The method file is structured in sections. Each section corresponds to a fitting step. The section name is the name of the fitting step. The steps are run in the order they are defined.

If the fitting method contains multiple fitting steps, the value and behavior of each parameter always inherit from the previous fitting step if not set in the current step. This means that if a parameter is fixed in one step, it remains fixed in the following steps as long as its state is not changed.

tip

The set of residues to be included in global fits should be chosen carefully. A commonly used multi-step fitting strategy is to select a subset of residues with relatively large CPMG dispersion or good quality CEST minor dips to first get global parameters (pB, kex), and then carry out single-residue fits with (pB, kex) fixed to get residue-specific parameters (e.g., Δϖ) in the next step. In CPMG experiments, to get reasonable initial estimates of Δϖ for each residue, an additional single-residue fitting step can be carried out at the very beginning, see the method file for CPMG_CH3_1H_SQ/ under Examples/Experiments/ for such an example.

Example

Here is an example method file demonstrating the different possibilities:

method.toml
[STEP1]
INCLUDE = [15, 31, 33, 34, 37] #, 33, 34, 37]
GRID = [
"[KEX_AB] = log(100.0, 600.0, 10)",
"[PB] = log(0.03, 0.15, 10)",
"[DW_AB] = lin(0.0, 10.0, 5)",
]

[STEP2]
FIT = ["PB", "KEX_AB", "DW_AB"]
STATISTICS = { "MC"=100, "BS"=100, "BSN"=100 }

[STEP3]
INCLUDE = "ALL"
FIX = ["PB", "KEX_AB"]
GRID = ["[DW_AB] = lin(0.0, 10.0, 20)"]

[STEP4]
FIT = ["DW_AB"]

This fit contains 4 distinct steps:

  1. A subset of profiles are selected, and a grid search is performed on the parameters "KEX_AB", "PB" and "DW_AB".
  2. The parameters "KEX_AB", "PB" and "DW_AB" are set to vary.

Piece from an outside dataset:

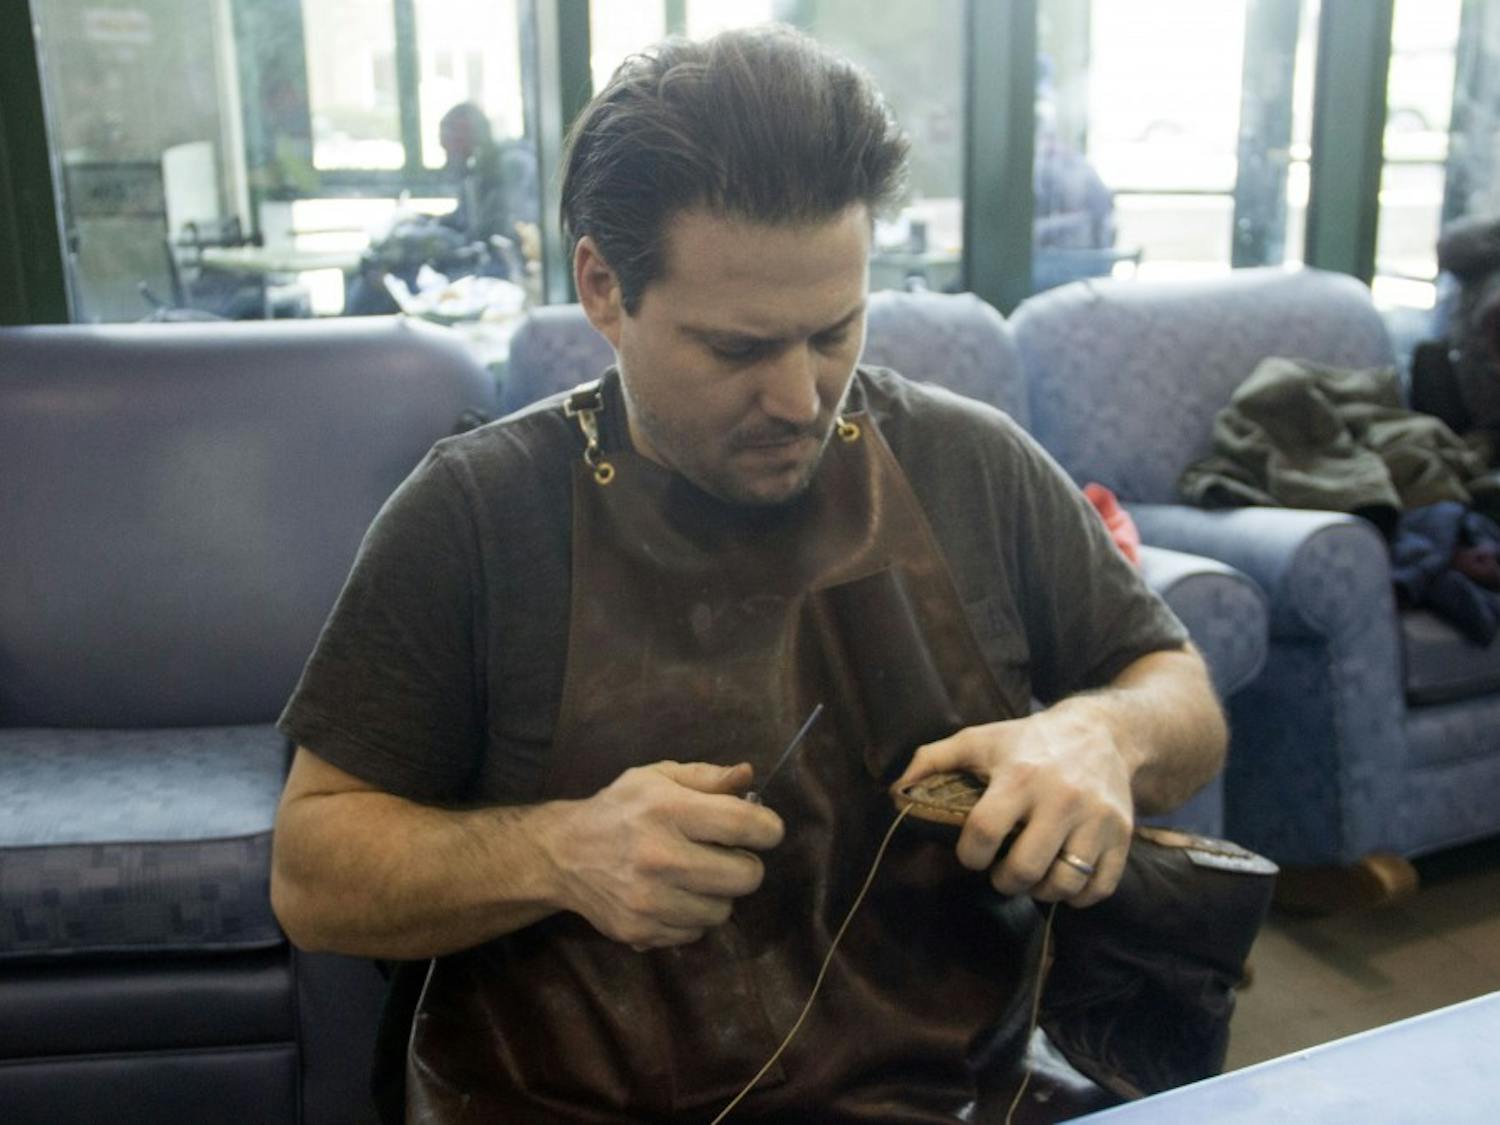 Brian “Sole Man” Gavigan repairs a shoe during the Points of Intervention (POI) tour in SU. Gavigan and other repairers aimed to fix everything from watches to laptops at this year’s fair.

The selection of profiles remains the same as in the first step.
  3. All profiles are included in the fit, the parameters "KEX_AB" and "PB" are fixed, and a grid search is performed on the parameter "DW_AB".
  4. The parameter "DW_AB" is set to vary.

Results are written on separate directories named according to the corresponding section name.

Setting parameter behavior

All model parameters can either be varied, fixed or constrained. The status of each parameter is defined by default at the beginning of the fitting process. However, you can change this behavior in each fitting step of the method file.

FIT

Parameters in the FIT list are varied during the fitting process. Here, parameter names can either designate a unique parameter or a group of parameters. For the later, simply mention the attributes identifying the group.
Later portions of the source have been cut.